Nonostante i dubbi e l'incertezza siamo costretti a mettere in discussione quell'idea che avevamo del gentile signore inglese, sempre corretto e garbato. Dobbiamo chiederci da cosa effettivamente ci fossimo fatti quest'idea, e se quei dati siano ora in qualche modo mutati.

Il Clarke che conosciamo noi, il Clarke che credevamo di conoscere ha qualche legame con quel signore che si gode la vita nel sudest asiatico?

Be', indubbiamente sì, ma a un livello tale che la sua condotta di vita non possa in ogni caso turbare la magnifica opera che nei suoi lunghi anni di attività letteraria è riuscito a creare.

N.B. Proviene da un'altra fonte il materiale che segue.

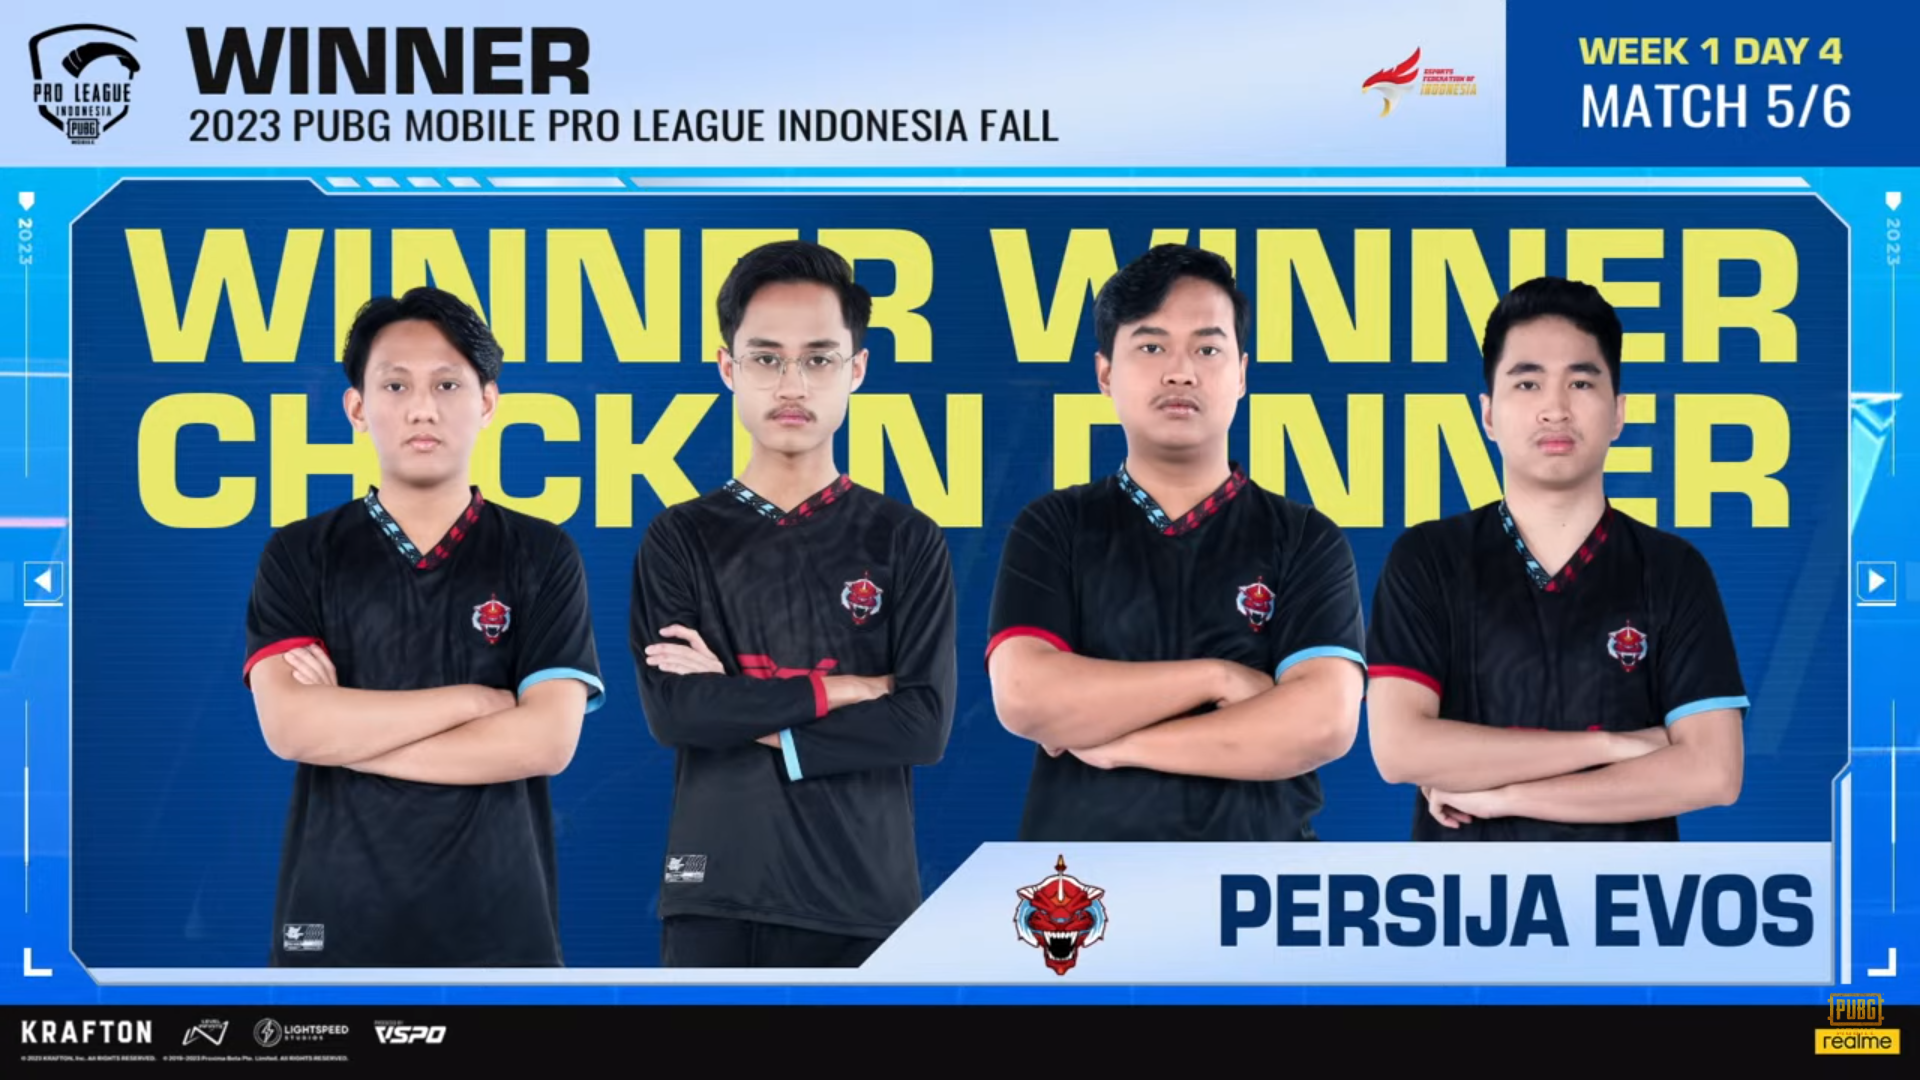 Persija Esports Tampil Konsisten dan Kokoh di Posisi Puncak PMPL Indonesia Fall 2023!

I presunti problemi di Clarke nel gestire i suoi rapporti con gli altri esseri umani e la sua sessualità non implicano che si debba rimettere in discussione il suo modo di rapportarsi con "la natura tutta". Gli ideali di razionalità e scetticismo costruttivo di cui è portatrice la sua fantascienza rimangono inalterati, senza lasciarsi turbare dalle piccolezze e meschinità dell'uomo che ha dato loro forma in quelle opere a noi care.

Rimane a noi da ingoiare l'amaro boccone della consapevolezza, con tutto il costo emotivo che comporta capire e accettare che gli uomini non sono solo le idee che li animano, c'è anche altro sotto, anche se spesso vorremmo seppellirlo.

Nel caso di Clarke questo boccone potrebbe risultare estremamente amaro.

Adesso siamo costretti a chiederci chi sia Clarke e se corrisponda a quell'immagine mentale che ce n'eravamo fatti, ma il problema è nostro che abbiamo creduto che belle idee, commovente razionalità e poesia della natura, potessero trovare espressione solo in un uomo garbato equilibrato e senza macchia.

Invece no, siamo costretti a ricrederci. Ottima e sublime poesia può venir fuori anche dalla più fetida fogna, anche se magari noi preferiamo turarci il naso per non disturbare le orecchie.